- Goal of the exercise: With the images removed, write out every line below exactly.

- Data segment:
■ ■ ■ ■ ■ ■ ■

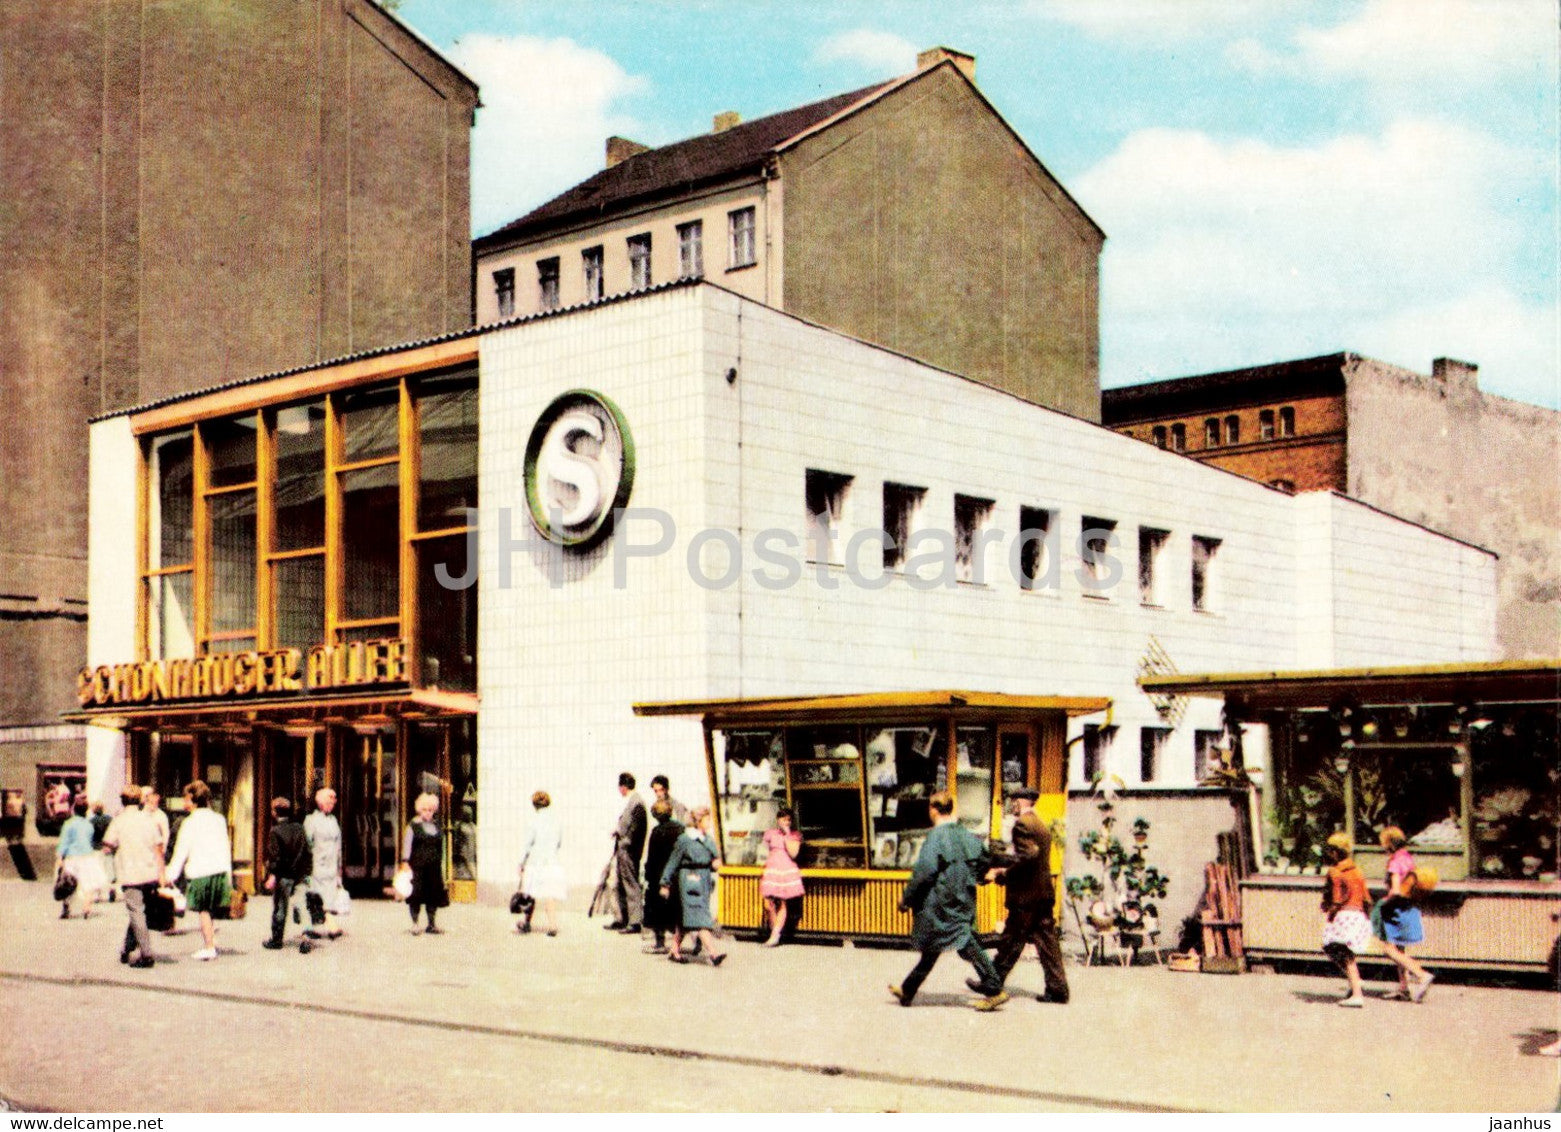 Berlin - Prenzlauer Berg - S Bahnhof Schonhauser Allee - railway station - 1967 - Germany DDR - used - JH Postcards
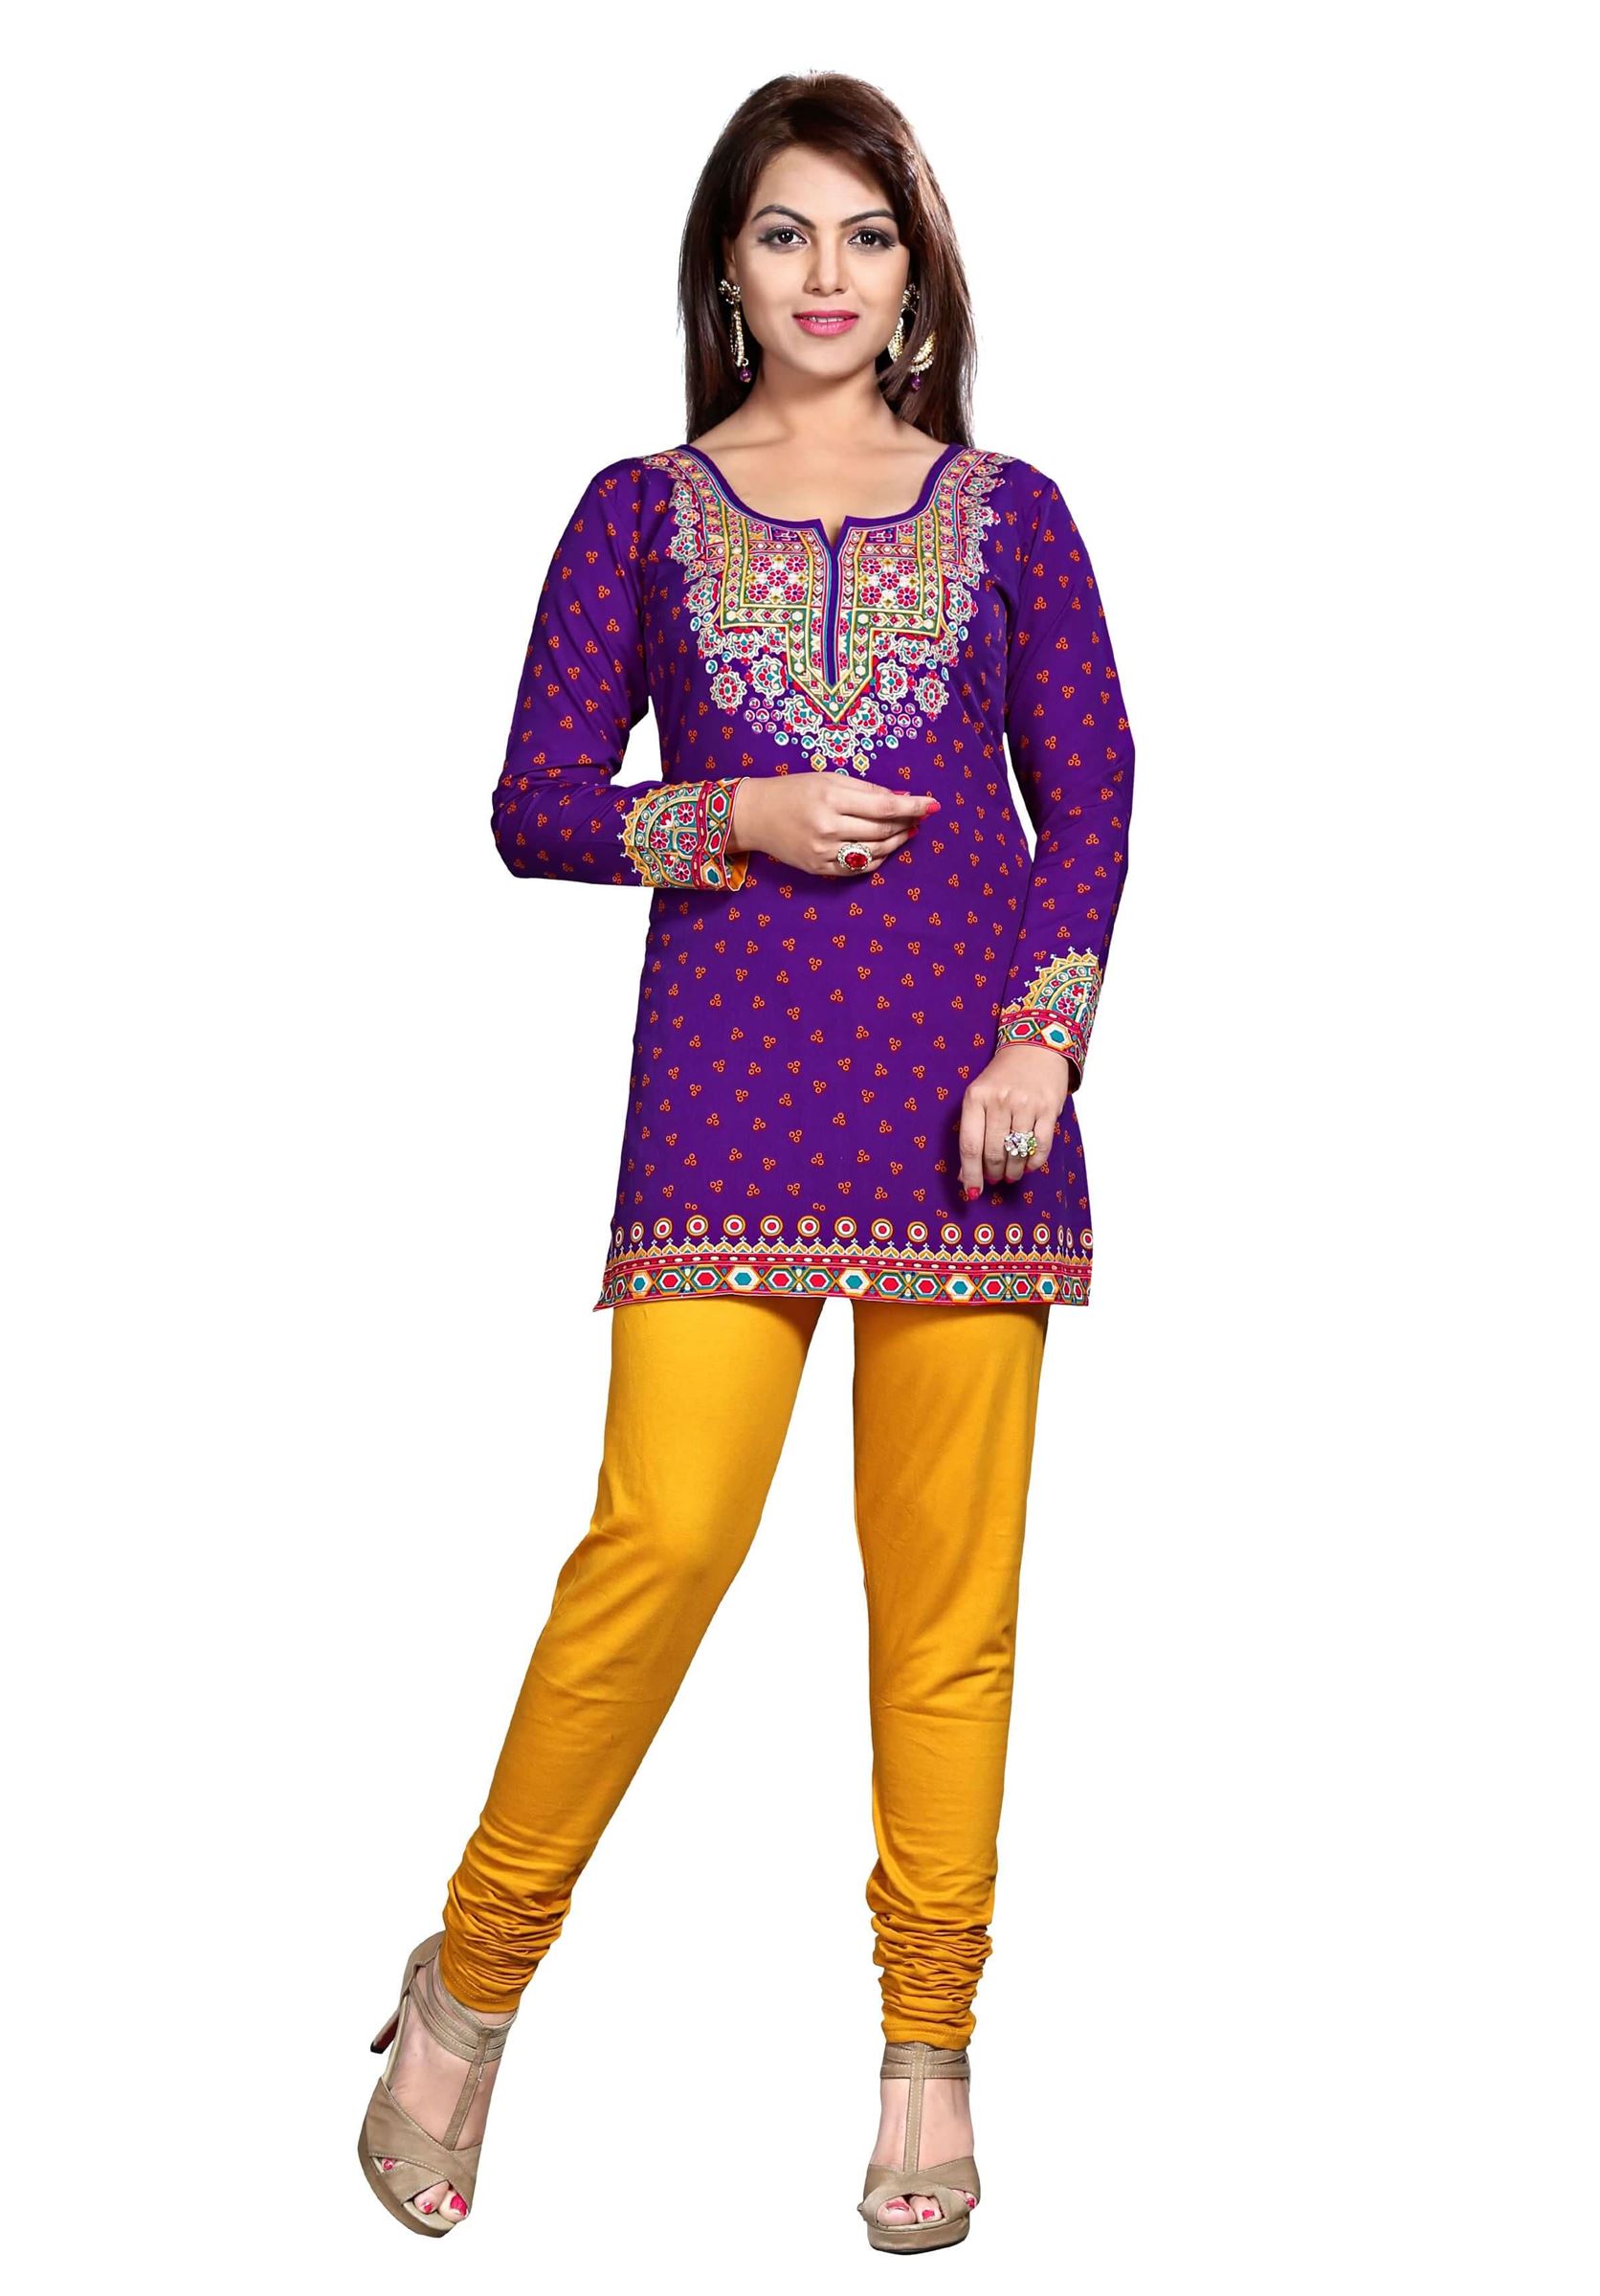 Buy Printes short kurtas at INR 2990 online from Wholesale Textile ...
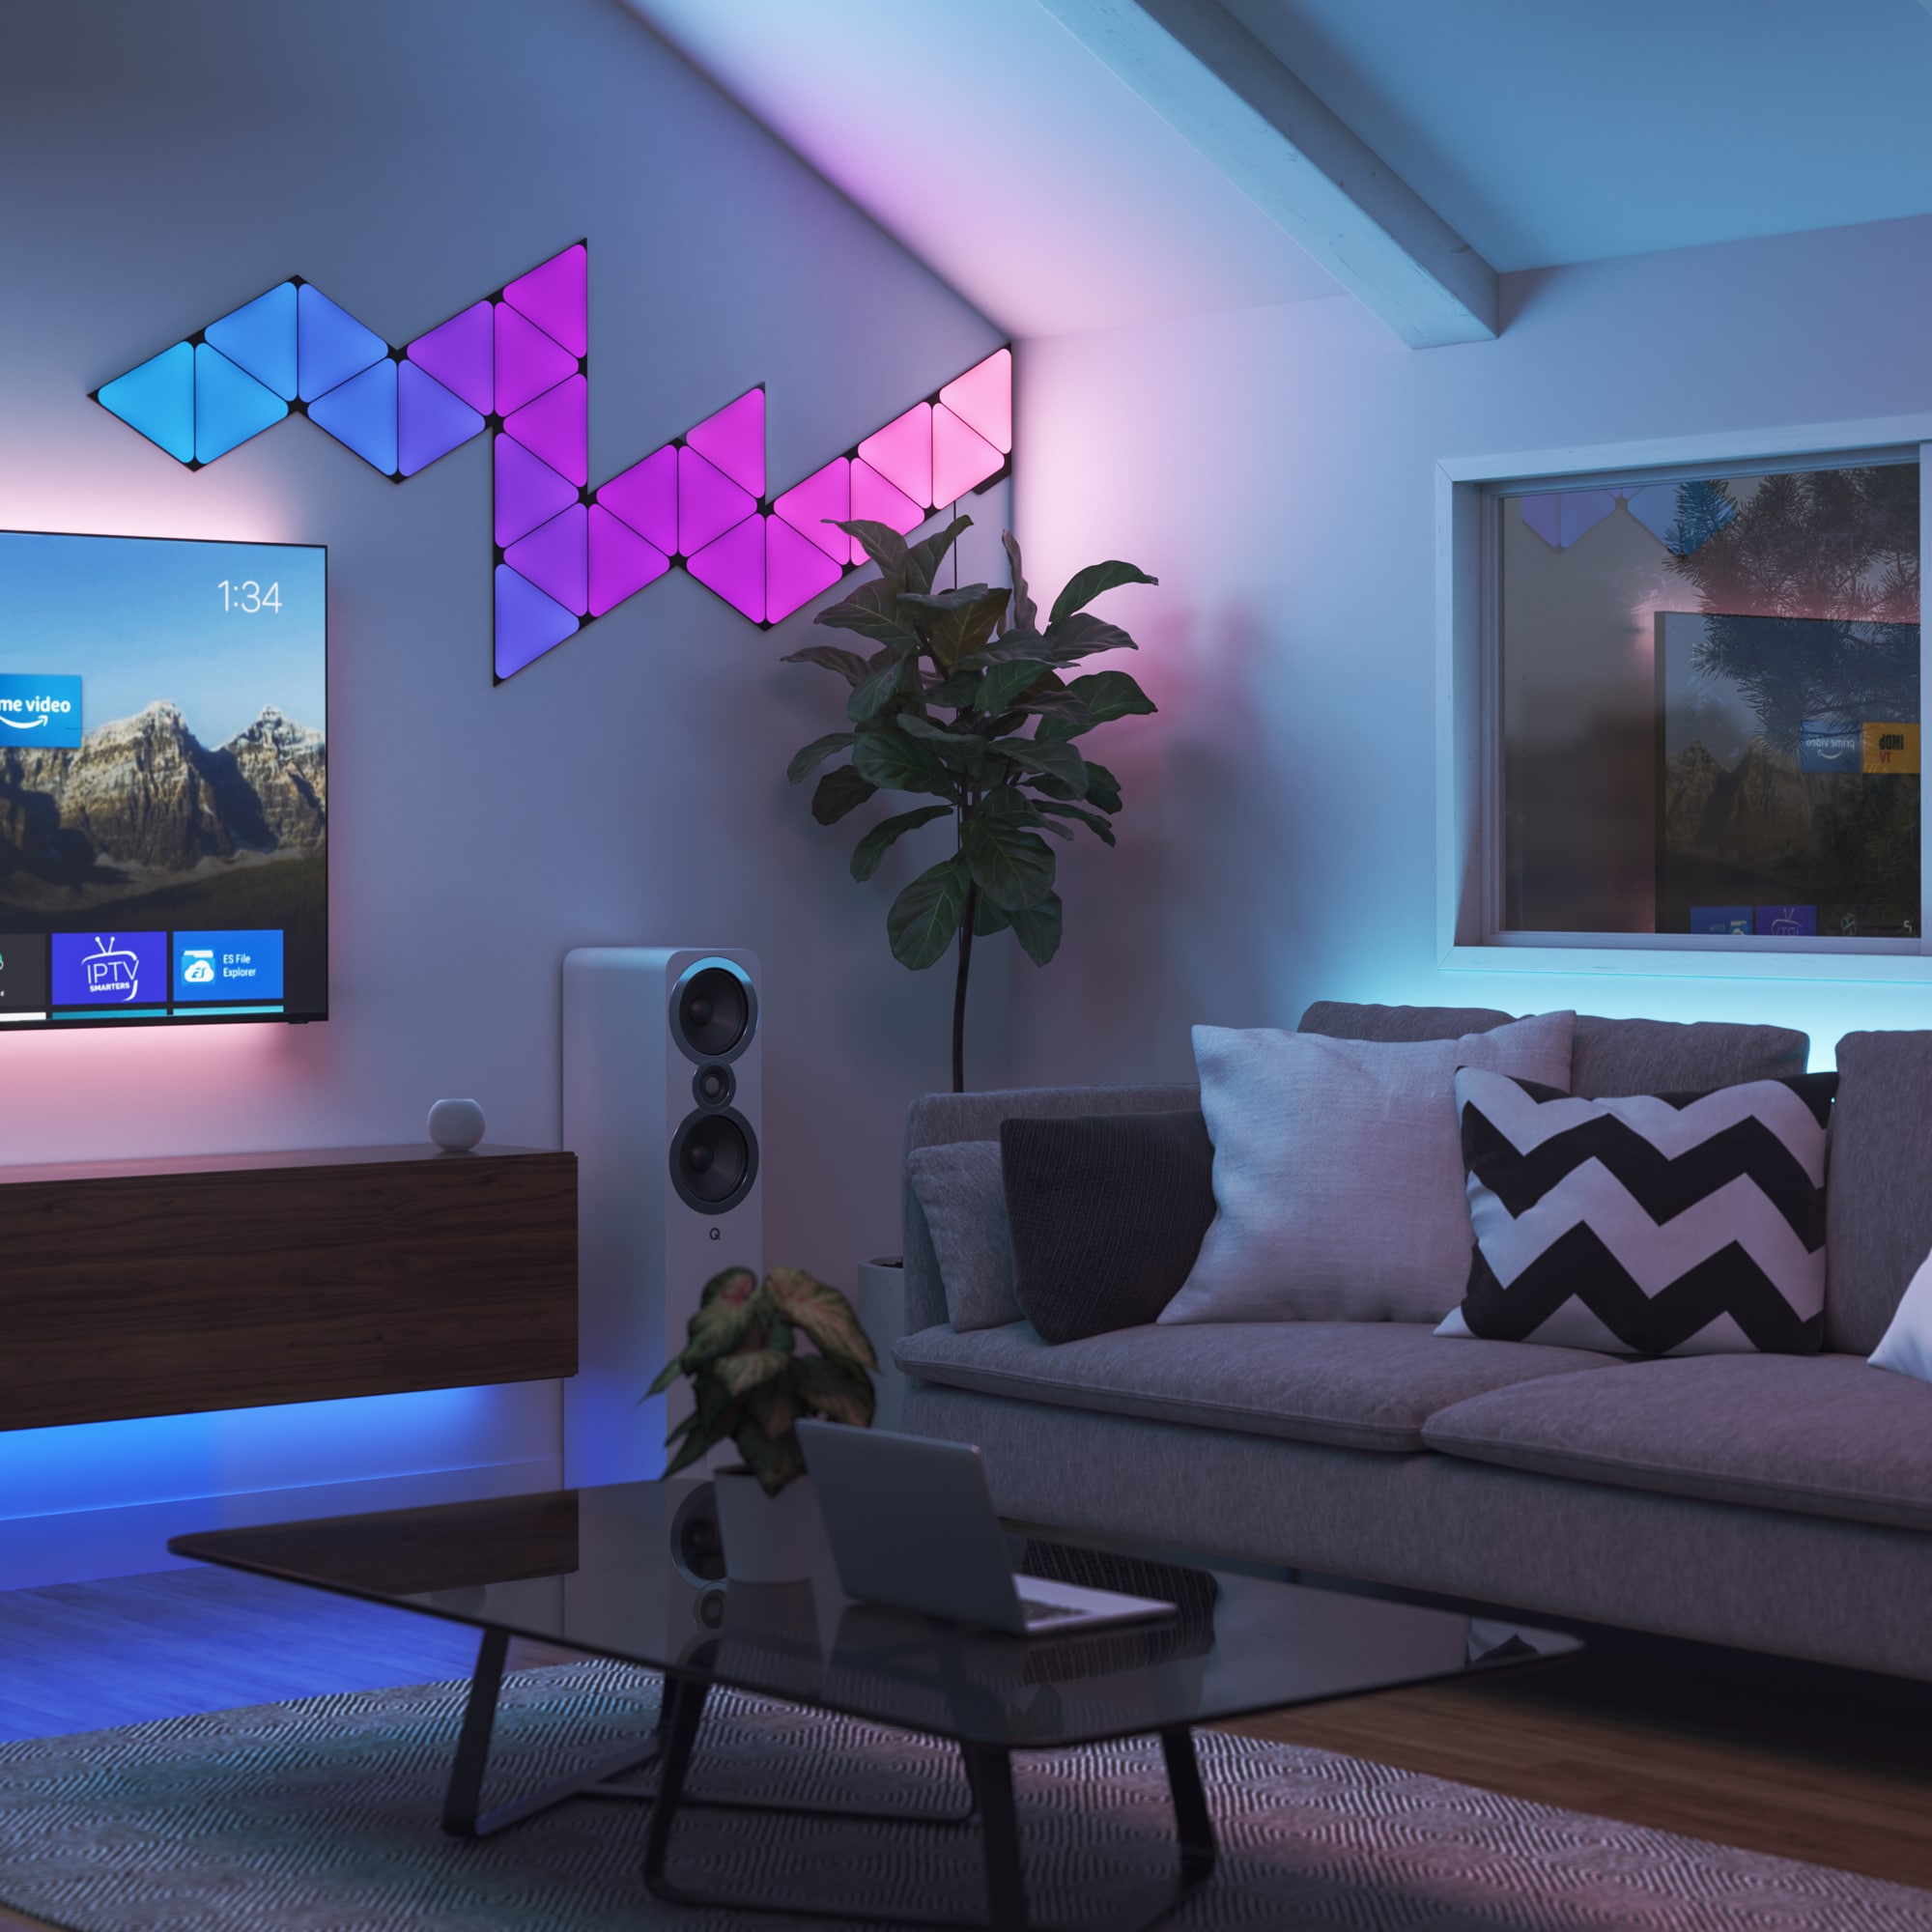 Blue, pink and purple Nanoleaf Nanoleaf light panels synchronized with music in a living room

■ ■ ■ ■ ■ ■ ■

- Solution for this problem:
 Berlin - Prenzlauer Berg - S Bahnhof Schonhauser Allee - railway station - 1967 - Germany DDR - used - JH Postcards
 Buy Printes short kurtas at INR 2990 online from Wholesale Textile ...
 Blue, pink and purple Nanoleaf Nanoleaf light panels synchronized with music in a living room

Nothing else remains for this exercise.